Task to complete.
Shown below are entries with pictures; the line with "2021-23 Capital Budget" through the line with "Gerald McCabe Shedua" is the span to retype exactly, and the pictures stay out.

Data for analysis.
--- START ---

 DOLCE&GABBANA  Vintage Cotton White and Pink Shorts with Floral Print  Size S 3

--- END ---
--- START ---

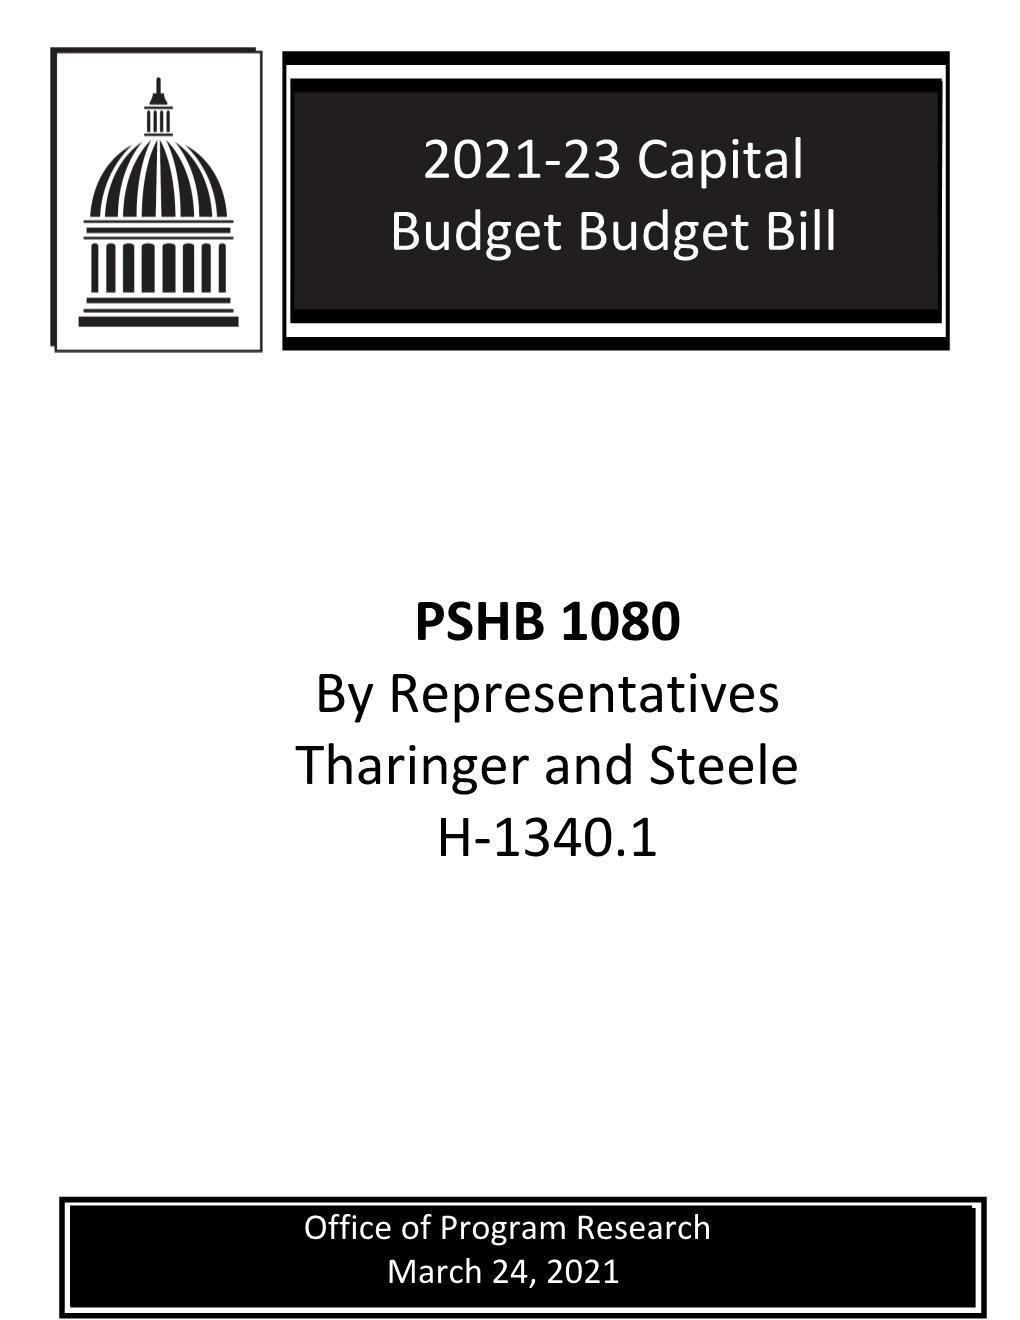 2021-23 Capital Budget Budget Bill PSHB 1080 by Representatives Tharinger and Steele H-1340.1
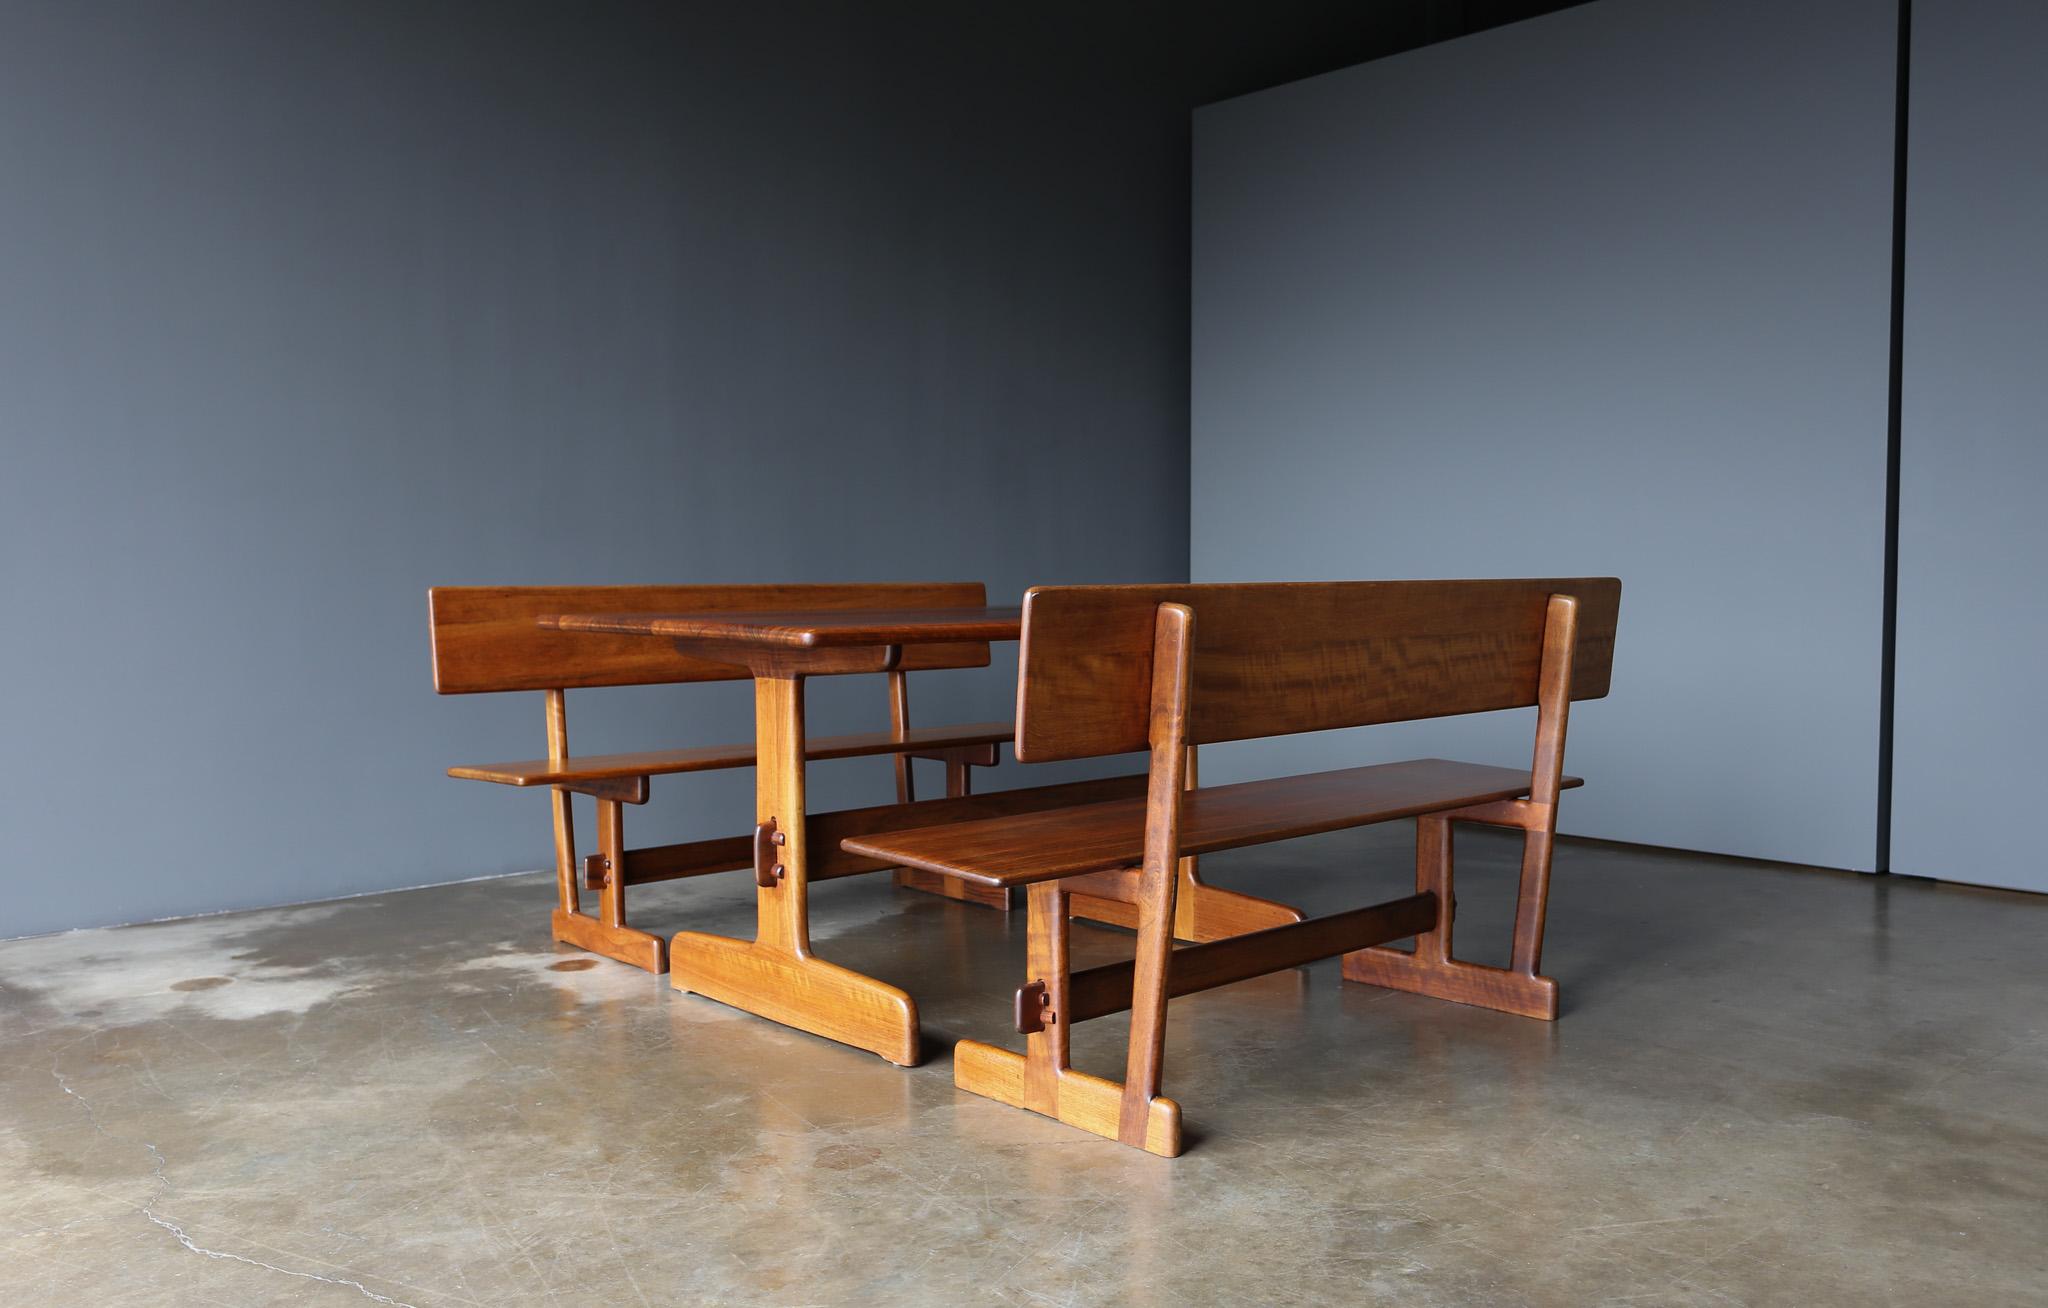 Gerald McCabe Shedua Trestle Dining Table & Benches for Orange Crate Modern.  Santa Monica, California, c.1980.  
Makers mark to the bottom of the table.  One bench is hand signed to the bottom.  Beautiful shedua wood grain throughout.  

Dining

--- END ---

Result below.
 2021-23 Capital Budget Budget Bill PSHB 1080 by Representatives Tharinger and Steele H-1340.1
 Gerald McCabe Shedua Trestle Dining Table & Benches for Orange Crate Modern.  Santa Monica, California, c.1980.  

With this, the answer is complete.